Whether they loved her back or not.

*  *  *

 

When the party broke up and she’d said her good-byes, she went home to a quiet house. Jacob was helping himself to a snack while he did homework with books and papers spread across the island. “Everything okay?” she asked as she took a bottle of water from the refrigerator.

“Yeah.” He set his plate next to his books, then met her gaze. “Real quiet without the cookie monster around. How is it little girls can make so much noise?”

“Little boys aren’t known for their soft ways, either.”

“Huh.” He took a bite of sandwich and flipped open a book. His hair fell over his forehead, the same shade of brown as his dad’s, though she’d never seen Paul’s hair so shaggy. He’d been spit-and-polish when they met and never relaxed his standards, shaving on his days off and as squared-away in jeans and a T-shirt as he was in uniform.

Still, there was so much of him in Jacob.
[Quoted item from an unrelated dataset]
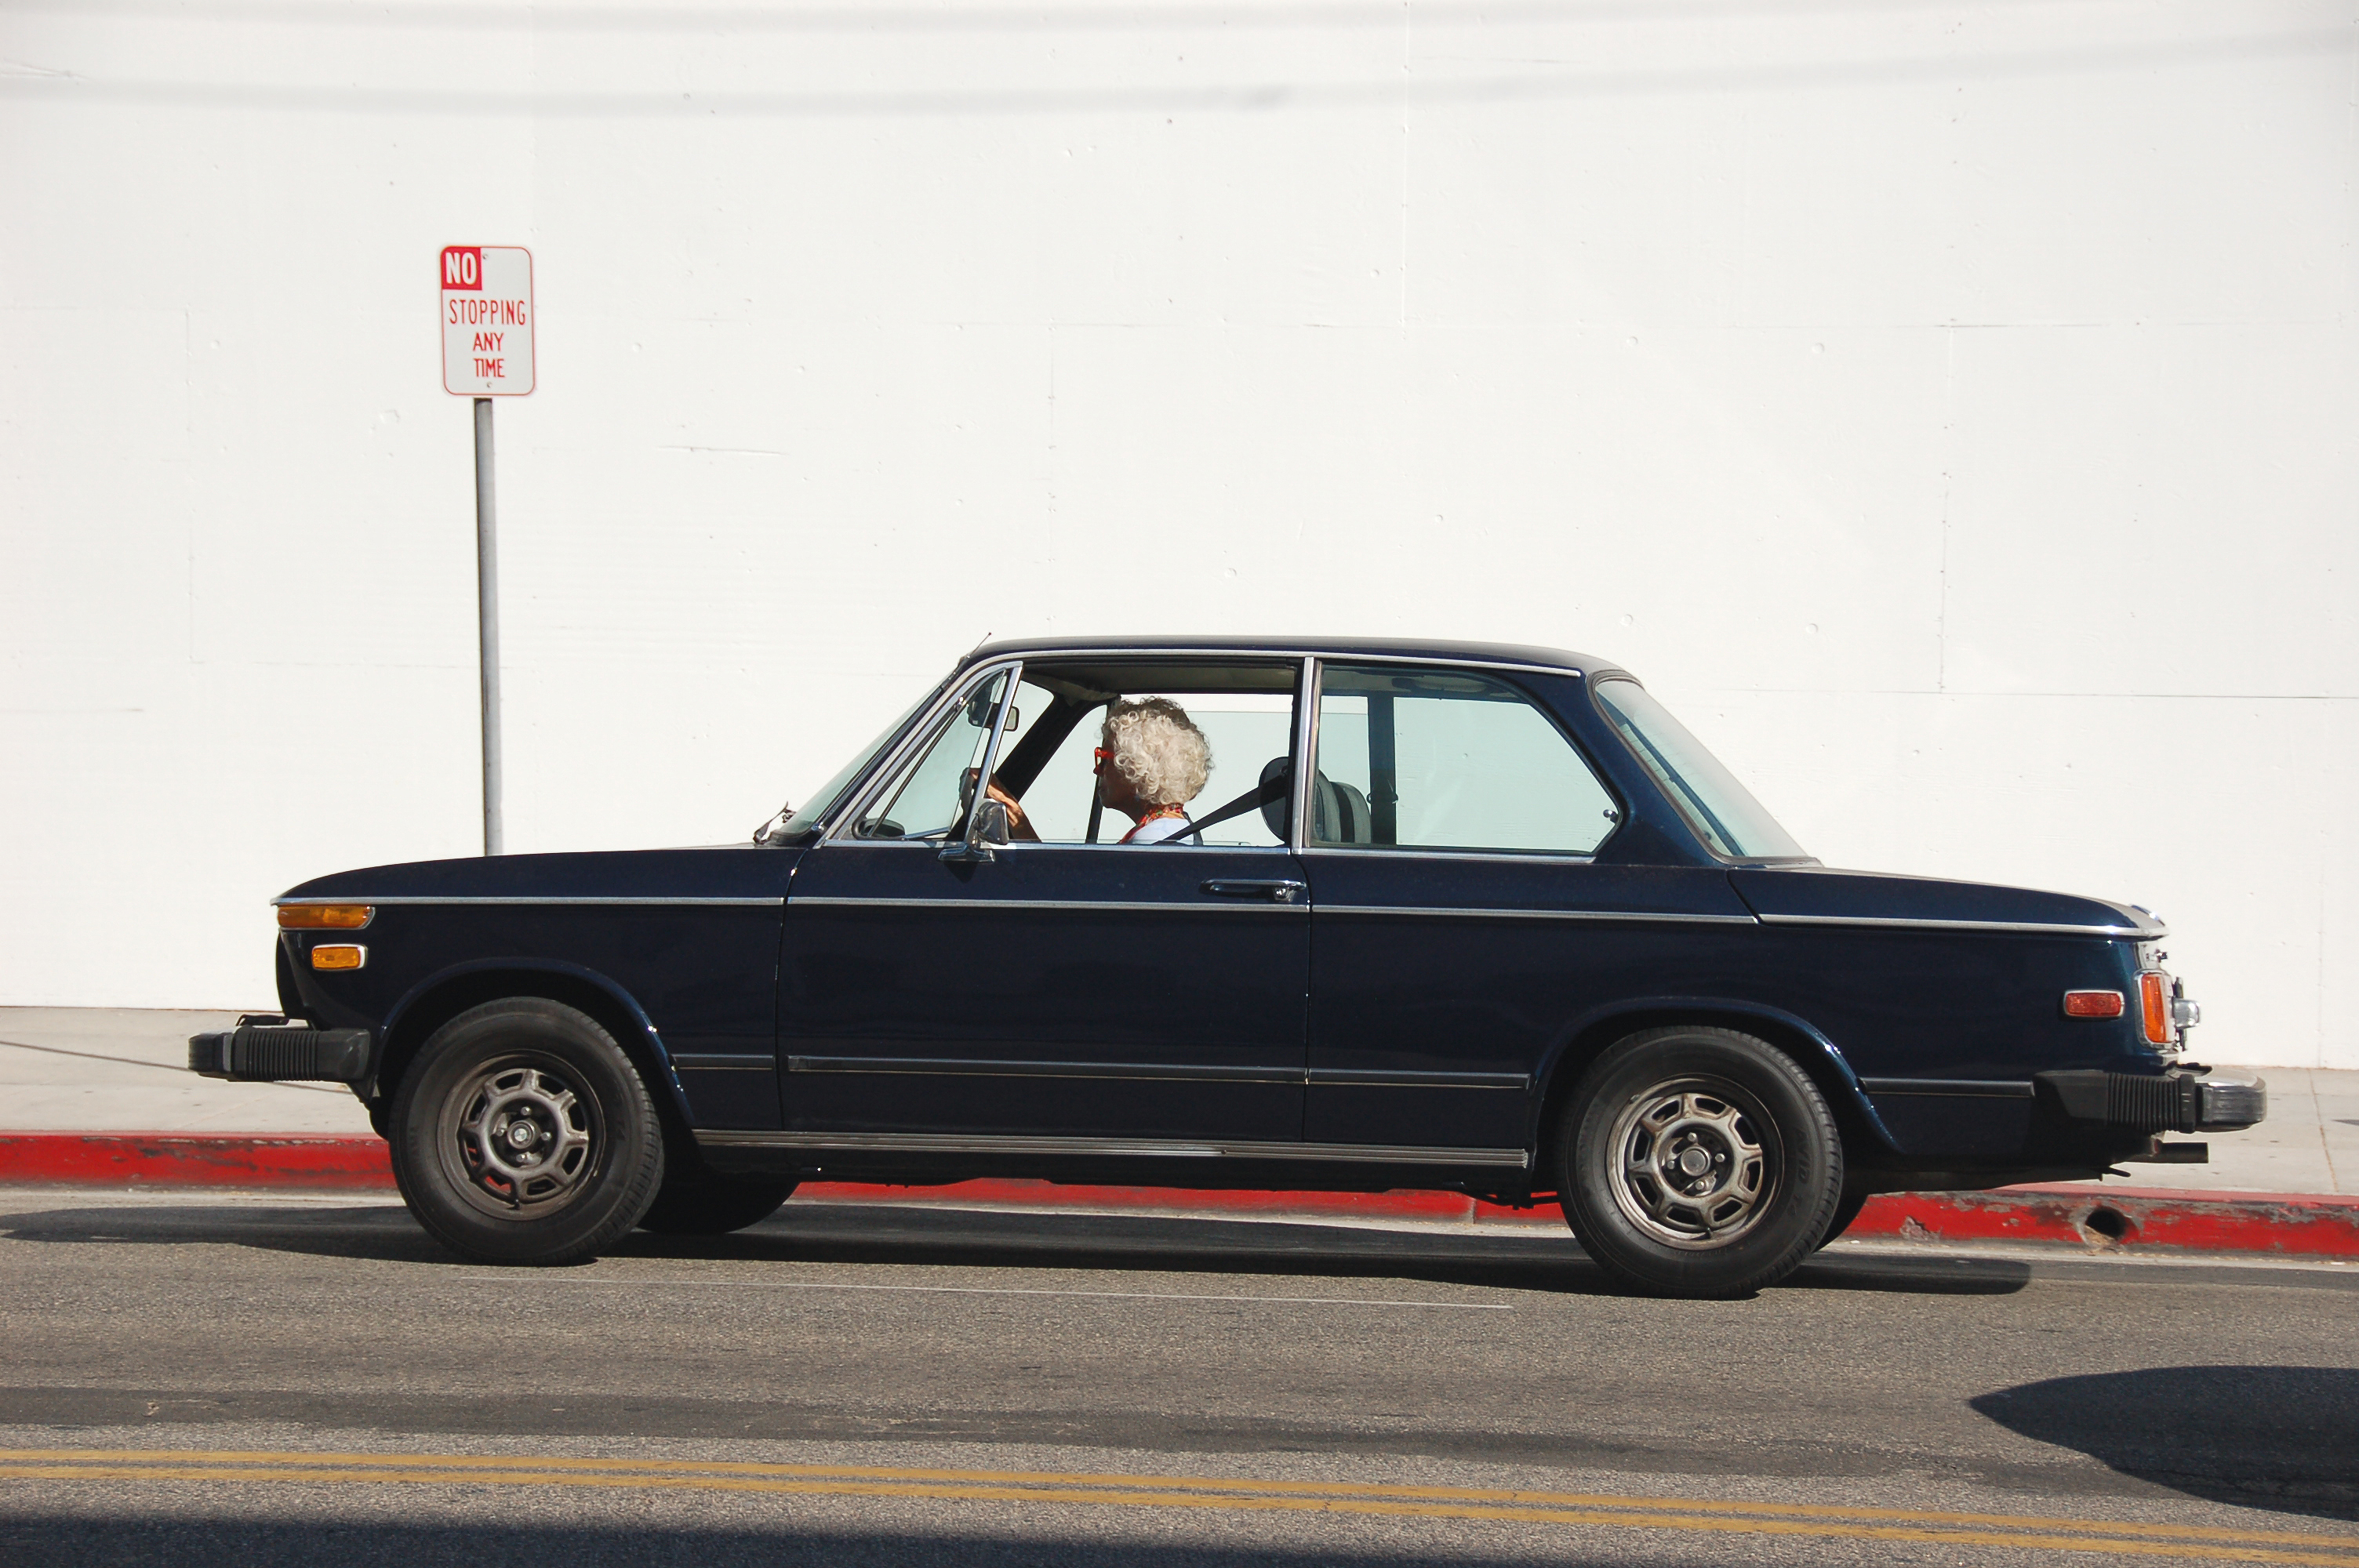 File:Old woman driving blue car (Unsplash).jpg - Wikimedia Commons

The eyes, the coloring, the gestures, the focus. He was his father’s son.

“What?”

Even his voice sounded like Paul’s. Realizing she’d been staring, she said, “Nothing,” then opened the fridge again, grabbed two small bunches of grapes, and headed toward the hall. She took the long way around, though, circling the island, passing behind him, and patting his arm on the way.

Not even so much as a single muscle twitched away from the contact. It was a marvel.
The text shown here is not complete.